▸ Work to be completed: Copy every line from the records below that holds the word "Image".
————
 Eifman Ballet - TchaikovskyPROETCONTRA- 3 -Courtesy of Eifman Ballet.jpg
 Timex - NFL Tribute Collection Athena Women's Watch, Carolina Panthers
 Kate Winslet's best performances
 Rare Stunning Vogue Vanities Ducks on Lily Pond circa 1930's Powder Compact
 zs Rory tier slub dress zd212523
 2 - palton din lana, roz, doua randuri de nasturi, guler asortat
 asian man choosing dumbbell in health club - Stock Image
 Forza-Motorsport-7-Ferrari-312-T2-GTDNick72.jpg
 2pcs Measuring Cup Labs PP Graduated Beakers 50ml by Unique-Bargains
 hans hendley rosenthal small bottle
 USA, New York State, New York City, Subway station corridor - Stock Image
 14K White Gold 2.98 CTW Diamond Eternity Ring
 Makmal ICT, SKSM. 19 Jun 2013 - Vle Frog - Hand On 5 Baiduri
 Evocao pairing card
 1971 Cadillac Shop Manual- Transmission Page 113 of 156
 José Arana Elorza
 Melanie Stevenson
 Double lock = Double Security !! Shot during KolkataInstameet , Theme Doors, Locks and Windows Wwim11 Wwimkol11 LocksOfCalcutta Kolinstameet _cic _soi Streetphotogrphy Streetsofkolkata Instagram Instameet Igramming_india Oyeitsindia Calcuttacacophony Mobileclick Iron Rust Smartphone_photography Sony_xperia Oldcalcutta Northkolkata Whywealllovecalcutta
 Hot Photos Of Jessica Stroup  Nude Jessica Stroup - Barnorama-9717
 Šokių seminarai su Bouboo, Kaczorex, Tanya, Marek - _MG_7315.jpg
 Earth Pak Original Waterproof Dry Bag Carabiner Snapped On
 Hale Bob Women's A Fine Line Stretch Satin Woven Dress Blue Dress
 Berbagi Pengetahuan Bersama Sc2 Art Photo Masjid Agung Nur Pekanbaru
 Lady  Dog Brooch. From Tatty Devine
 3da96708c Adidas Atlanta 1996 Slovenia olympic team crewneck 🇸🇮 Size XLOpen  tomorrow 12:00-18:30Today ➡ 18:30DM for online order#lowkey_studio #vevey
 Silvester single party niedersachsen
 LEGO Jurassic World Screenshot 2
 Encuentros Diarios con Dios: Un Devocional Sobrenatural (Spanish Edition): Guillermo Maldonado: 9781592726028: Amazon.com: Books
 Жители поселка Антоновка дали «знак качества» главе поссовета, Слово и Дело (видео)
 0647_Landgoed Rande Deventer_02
————
▸ Task output:
 asian man choosing dumbbell in health club - Stock Image
 USA, New York State, New York City, Subway station corridor - Stock Image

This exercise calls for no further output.